YOUR INSTRUCTIONS >> Every line in the listing below from the one with "Free Halloween Adult" through the one with "Child Bullying Younger" is to be reproduced exactly, both ends included; leave out the rest.

GIVEN ENTRIES >>
▬▬▬

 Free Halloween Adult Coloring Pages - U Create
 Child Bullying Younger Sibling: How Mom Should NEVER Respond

▬▬▬

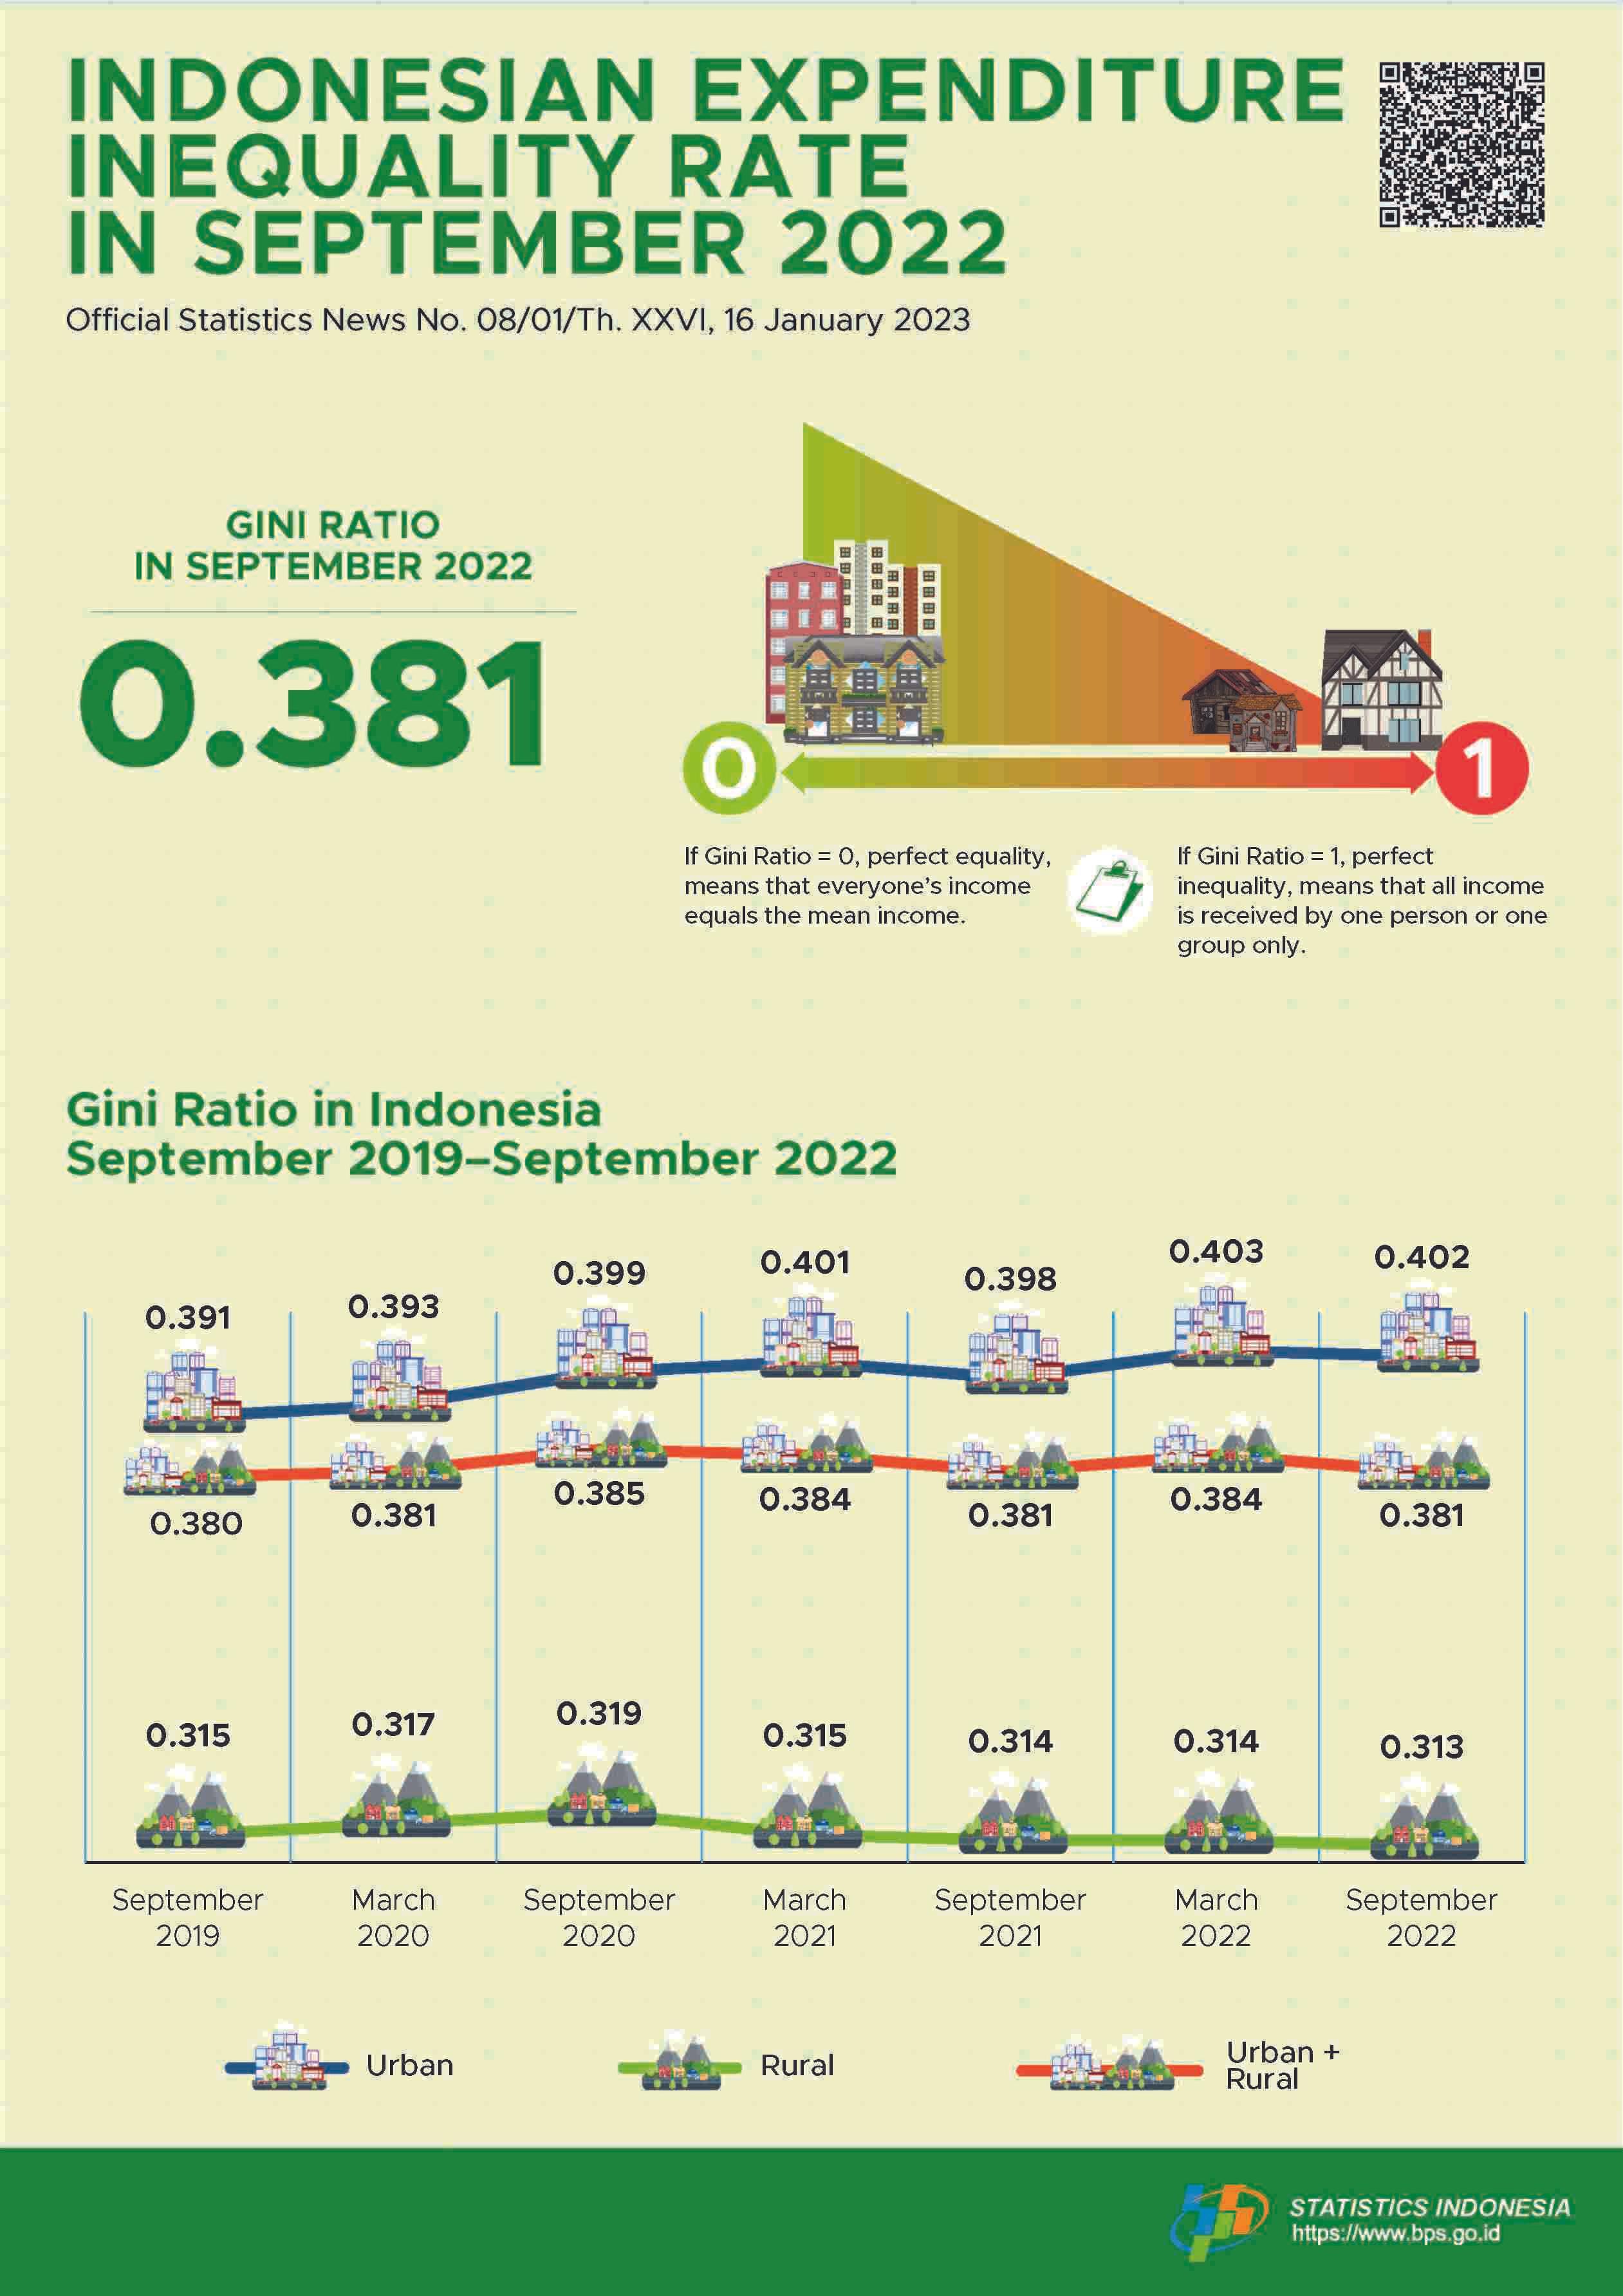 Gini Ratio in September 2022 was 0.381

▬▬▬

SOLUTION >>
 Free Halloween Adult Coloring Pages - U Create
 Child Bullying Younger Sibling: How Mom Should NEVER Respond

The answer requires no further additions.